The National Institute of Standards and Technology (NIST) on October 22 published a final report detailing two decades of research and best practices on the process of removing identifying information from data prior to it being shared. The report, first published in draft form in April 2015, is designed to help organizations comply with laws and regulations that require de-identification as a way to reduce the privacy risk associated with the creation, use, archiving, and sharing of data containing personal information.
“De-identification is not a single technique, but a collection of approaches, algorithms, and tools that can be applied to different kinds of data with differing levels of effectiveness,” the report states. “De-identification is especially important for government agencies, businesses, and other organizations that seek to make data available to outsiders.”
The report is intended to be a particularly important resource to federal agencies struggling to protect sensitive information while under pressure to make raw data open to the public. According to the report, many different kinds of information can be de-identified, including structured information, free format text, multimedia, and medical imagery.
Since de-identification techniques are intended to remove identifying information from a dataset while retaining some utility in the remaining data, the report warns that the possibility remains that some information might be re-identified and privacy protection lost.
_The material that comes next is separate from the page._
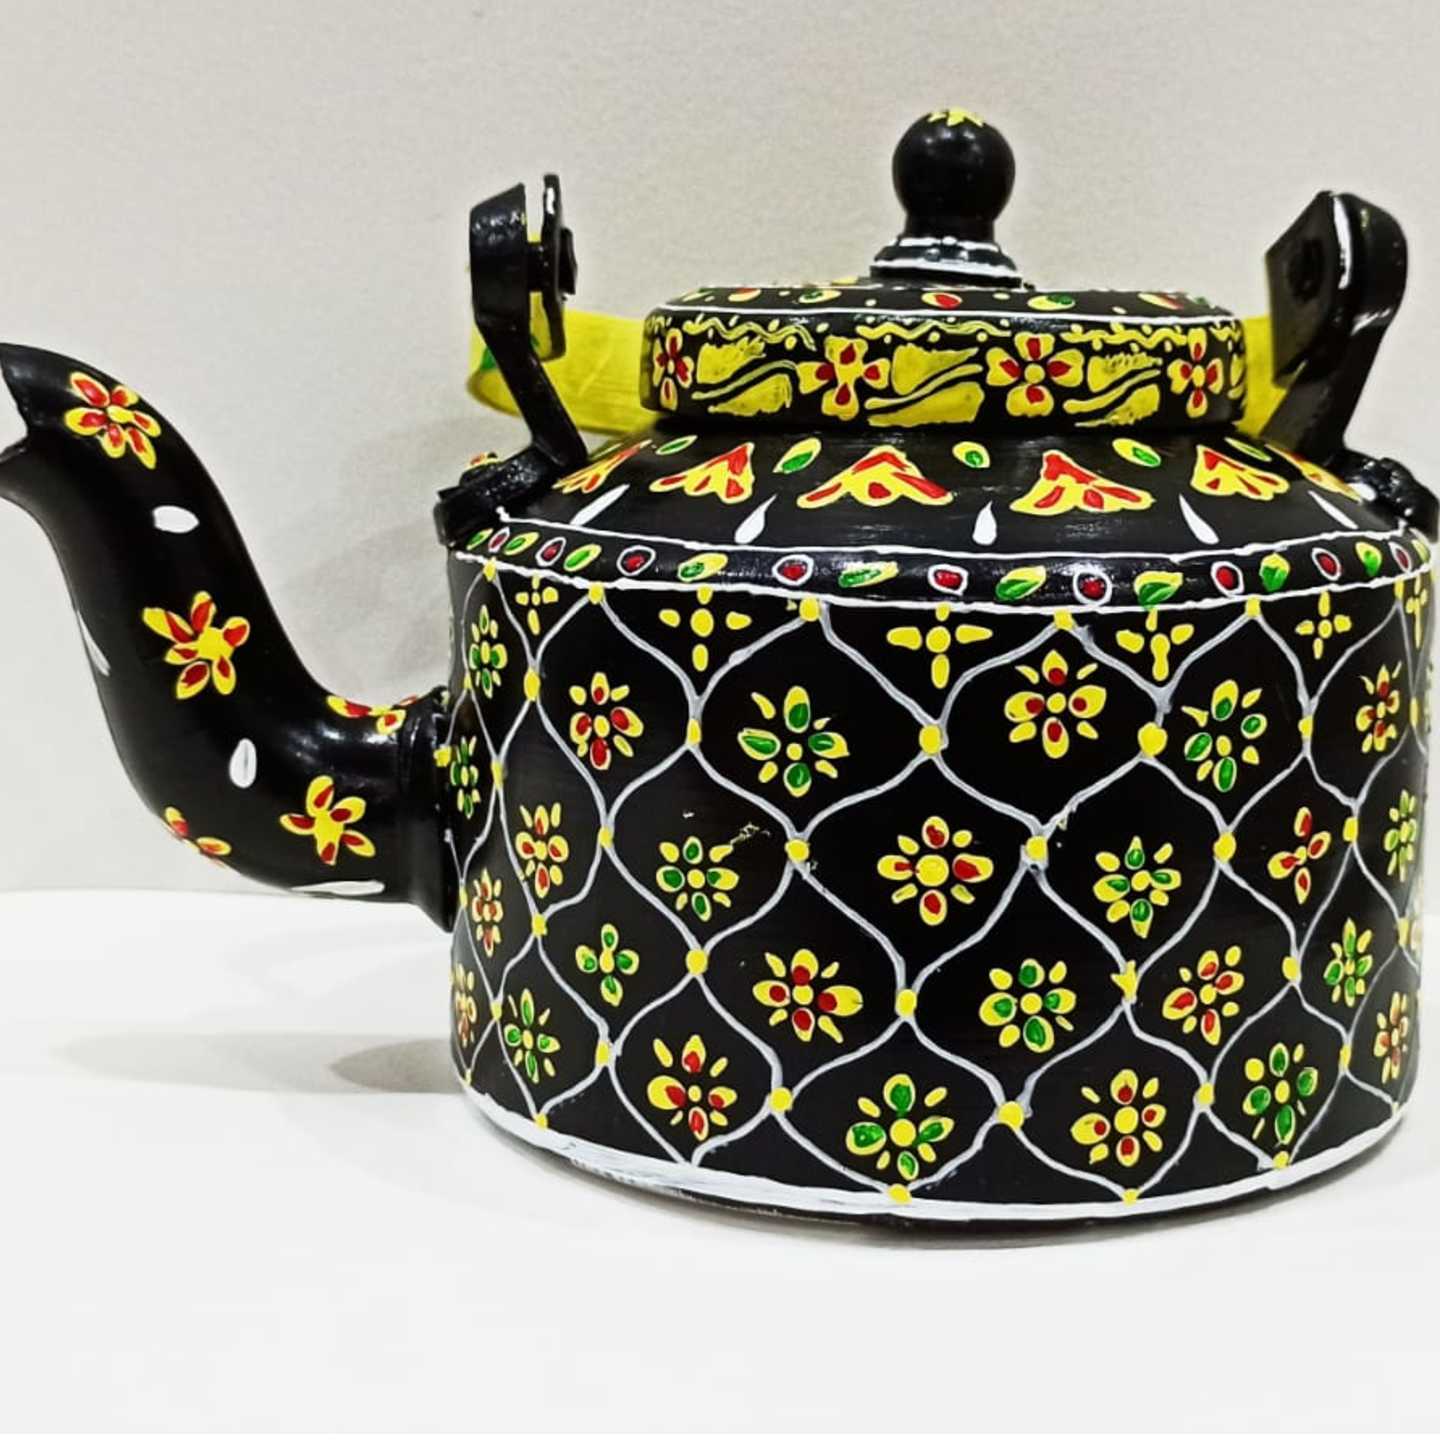 Hand painted Kettle (Black)

Specifically, risks to individuals that can remain in de-identified data include allowing inferences about individuals in the data without re-identification and impacts on groups represented in the data.
“Organizations endeavoring to share such data might consider employing a combination of several approaches to mitigate re-identification risk,” the report recommends. “These include technical controls, such as removing quasi-identifiers and other kinds of information that might be used to re-identify the data subjects; continuously surveying for data that could be linked to the de-identified information that they are sharing; controls on the de-identified data, such as data use agreements and click-through agreements that prohibit re-identification, linking to other data, or sharing with others; and technical controls that limit the activities of data recipients.”